The nud methods (null denotation) are for parsing decisions that can be
made with one token of lookahead, while the led methods (left
denotation) are for decisions that can be made with two tokens.
This handles mathematical expressions easily, since the infix operator token is second, after the first operand, telling you the type of AST node to create. In Pratt parsing, there's no possibility of looking ahead three tokens.
(4) Boolean Language
Like the arithmetic language, the boolean language contains infix operators. So it has to look ahead one word when it sees an operand word.
[[ $var ]] # test if $var is non-empty
[[ $var -eq foo ]] # compare $var with another value
So osh has parsers for four sublanguages, each of which use two tokens of
lookahead.
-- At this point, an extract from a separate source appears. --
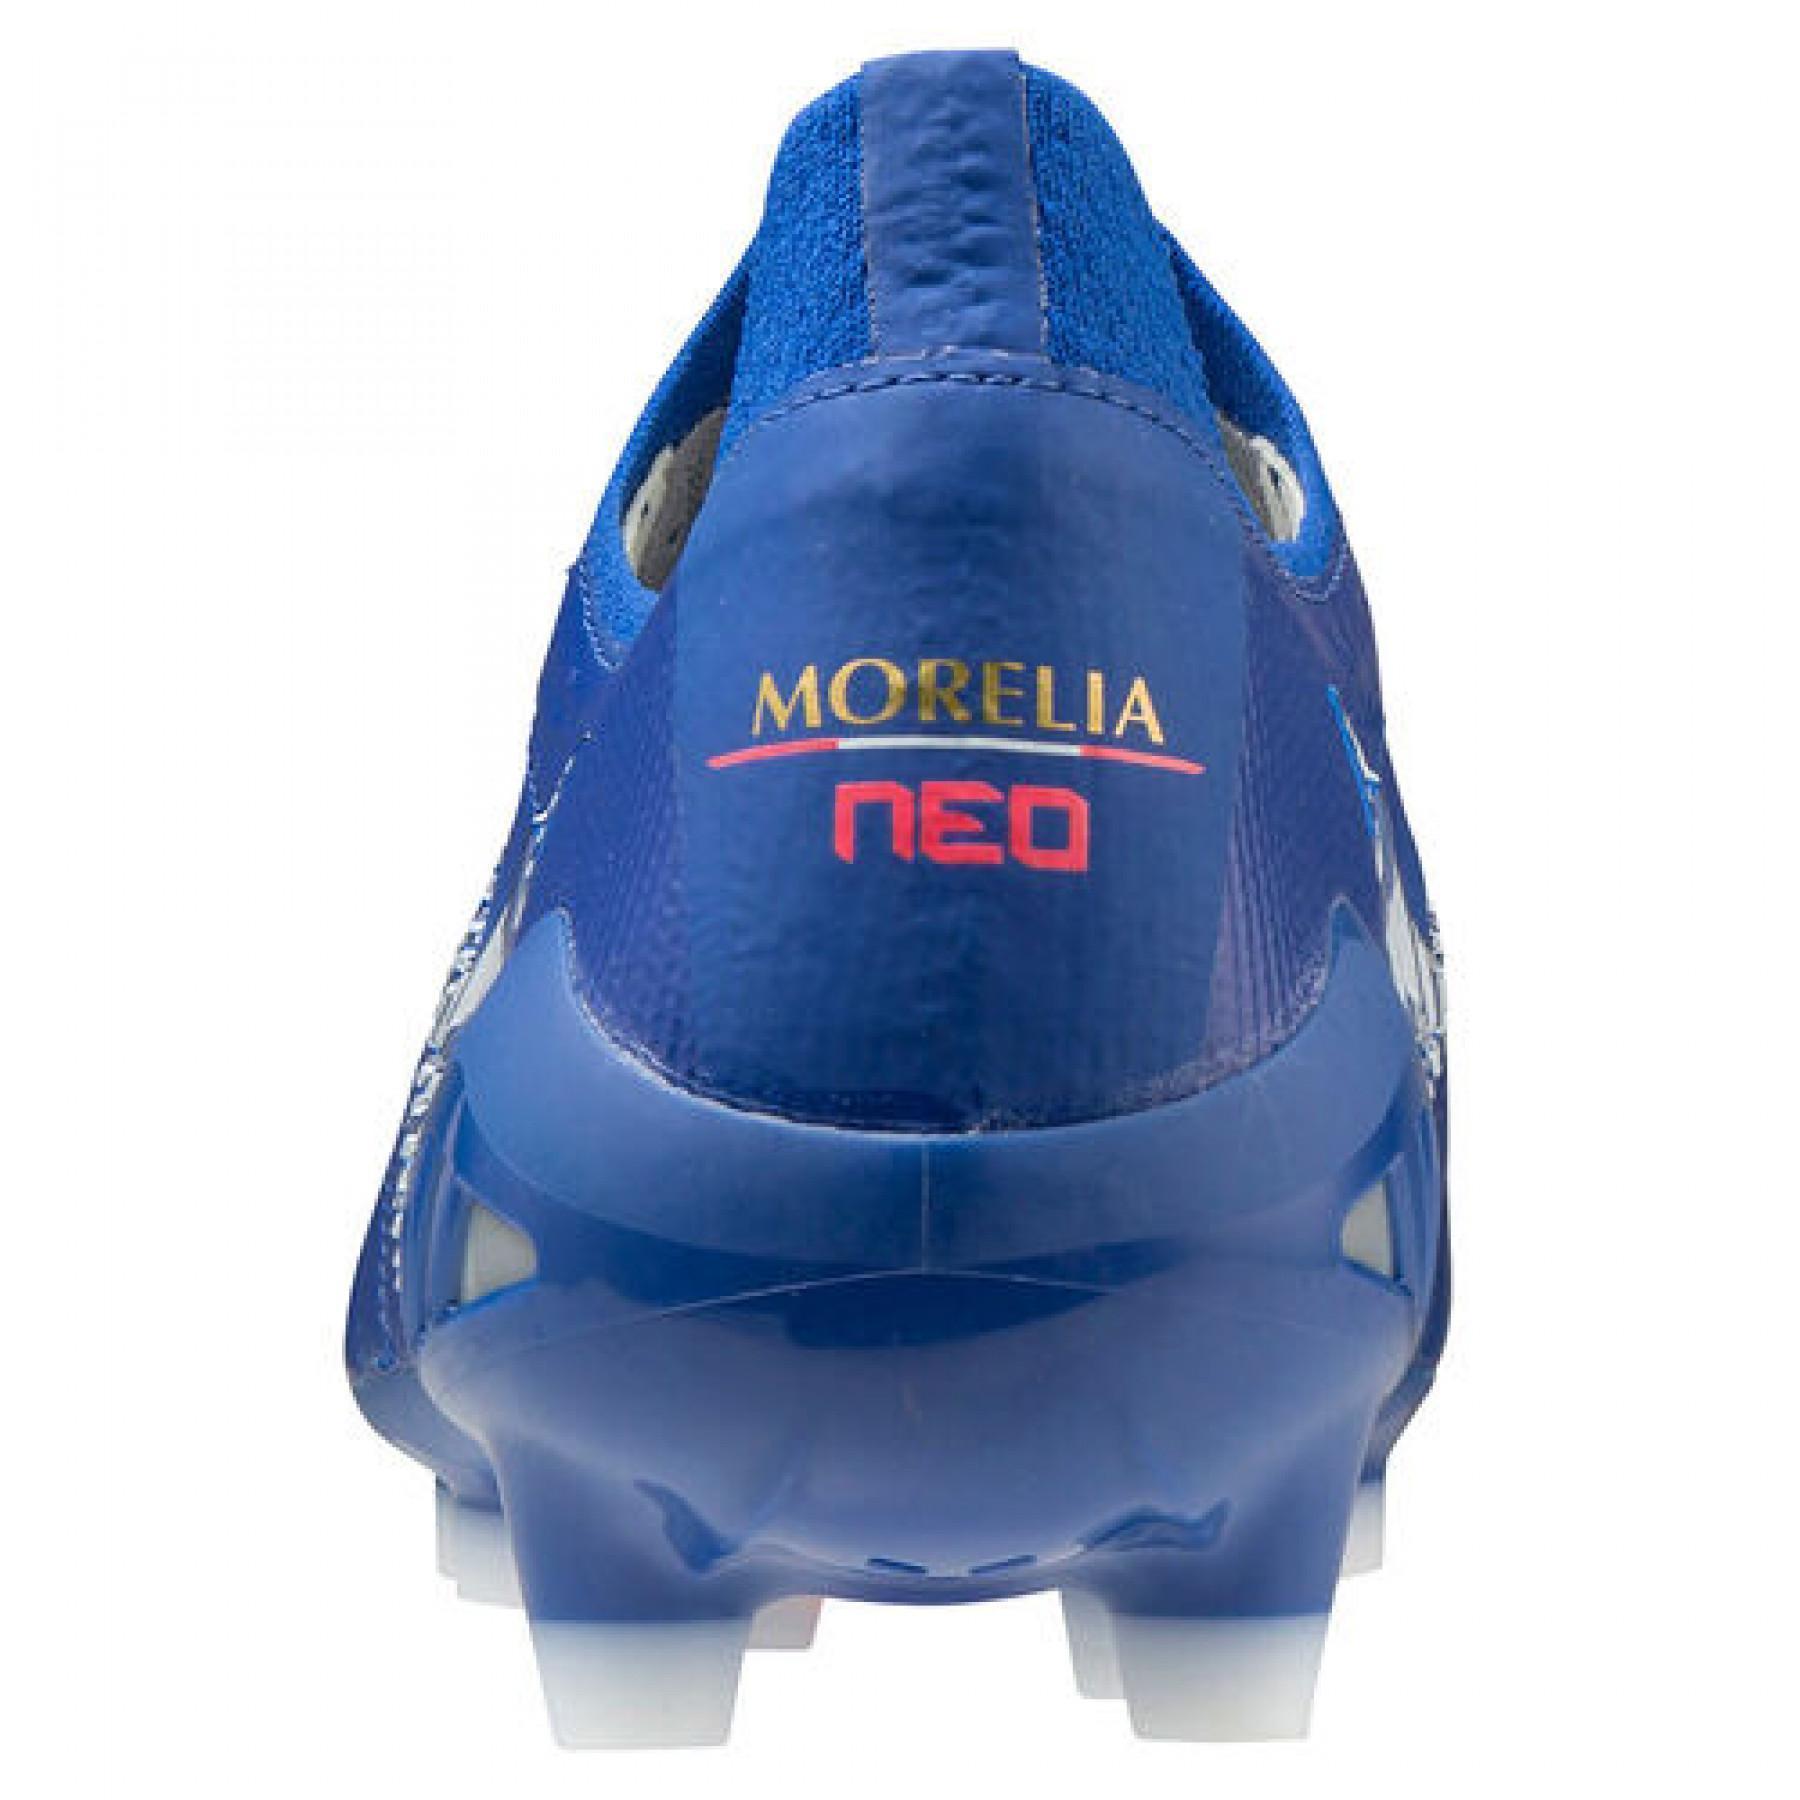 Sapatos Mizuno Morelia neo 3 beta japan

Arithmetic is handled with Pratt parsing, and the
other three languages are handled with
recursive descent
. These top-down techniques are easily interwoven.
(I thought about using Pratt parsing for the boolean language as well, but it
has two extra lexical states for regular expressions (operator
=~), which complicates things.)
In contrast, bash uses a generated, bottom-up parser for the command sublanguage, and ad hoc parsers for the other three. It also dynamically parses some sublanguages, as demonstrated in this post.
The parse.y file is 6,500 lines, containing both the generated command parser and the hand-written boolean parser.
The ${} parser is mixed in with the runtime in subst.c,
weighing in at 10,700 lines! Arithmetic in expr.c is another
1,500 lines (also including the runtime).
In oil, I've taken care to keep the definition of the language in one place,
and I believe it will be easier to read and extend.
A longer-term goal is to define the osh language in a meta-language or
grammar rather than in Python, but I believe that is beyond the state of the
art in parsing technology. I will have more to say about this.
Credit: Thanks to Daniel Marti for pointing out the coproc lookahead issue.